Television came calling, namely Channel 4 which was making a name for itself with the sort of edgy, you've-never-seen-this-before type of entertainment which Vic and Bob were becoming known for. Vic Reeves Big Night Out premiered in 1990, with Bob taking 10 weeks off from his solicitor job to film the series. He never went back to work afterwards, confessing about his legal career, "I wasn't any good at it." Though an instant cult sensation, Vic Reeves Big Night Out was still too weird for mainstream audiences to get. It appeared to some people that two madmen had been let loose on TV to do whatever amused them whether the audience got it or not. Afterwards, they did a live stage show tour based on the show but knew they wanted to move on.

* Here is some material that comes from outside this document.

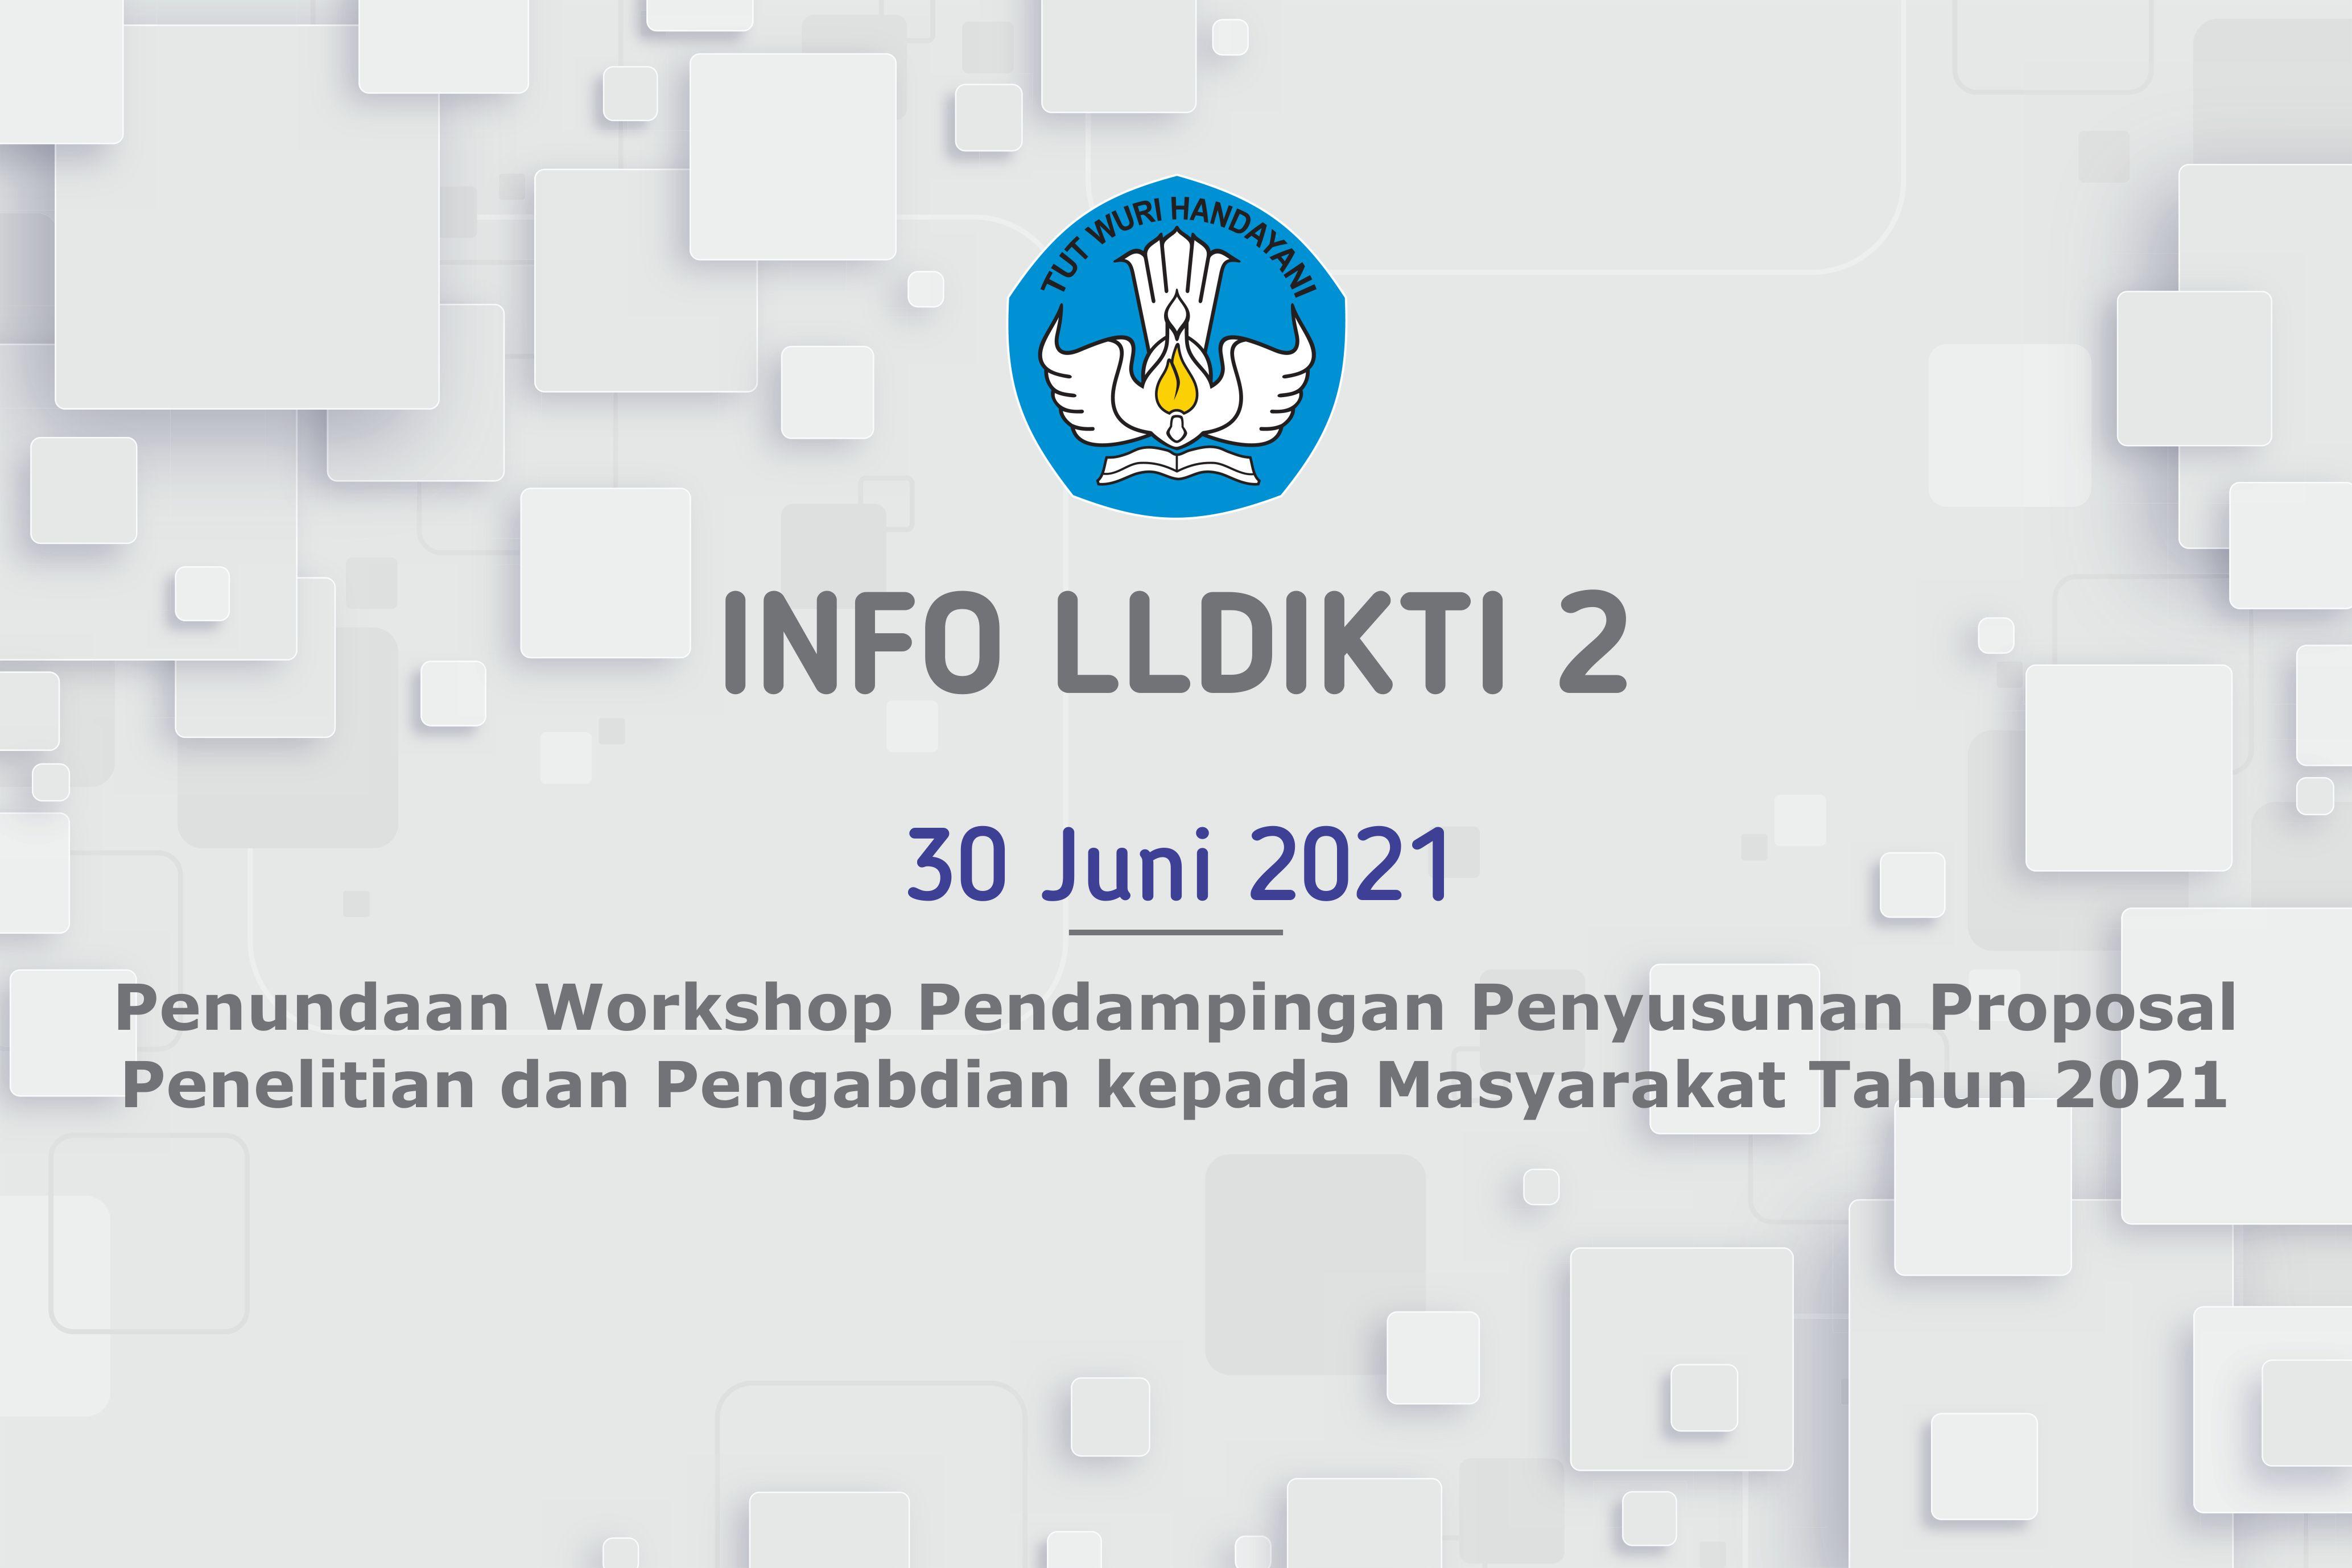 Penundaan Workshop Pendampingan Penyusunan Proposal Penelitian dan Pengabdian Kepada Masyarakat Tahun 2021

BBC-2 came calling, and with Charlie Higson (The Fast Show) as a producer, they created The Smell of Reeves & Mortimer in 1993 combining sketches with their "sitting behind a desk" host interaction. I said at the time, "Another series of BBC-2 double-act comedy, with songs, hi-jinx, and other non-sequiturs. Not every bit works, but the energy of the show is undeniable." Their partnership was now equal, both in the title and in realizing the various characters and situations.

In 1995 (after doing a second season of The Smell of Reeves and Mortimer) they debuted their most popular program to date, the comedy quiz show Shooting Stars. It was created so they could have an on-air "gang" of co-conspirators, in this case celebrities who would be willing participants in this extended game show parody. It made household names of former weathergirl and Gladiator host Ulrika Jonsson and comic Mark Lamarr as the weekly team captains, as well as willing accomplices in pre-taped sketches. Each episode ended with a celebrity guest "winner" to have to perform some bizarre stunt, using involving very odd props. The nonsense words that Vic used like "eranu" became national catchphrases. They did three years of Shooting Stars and then a live stage show version (teamed up with The Fast Show crew) before again deciding it was time again for something new before the joke became stale.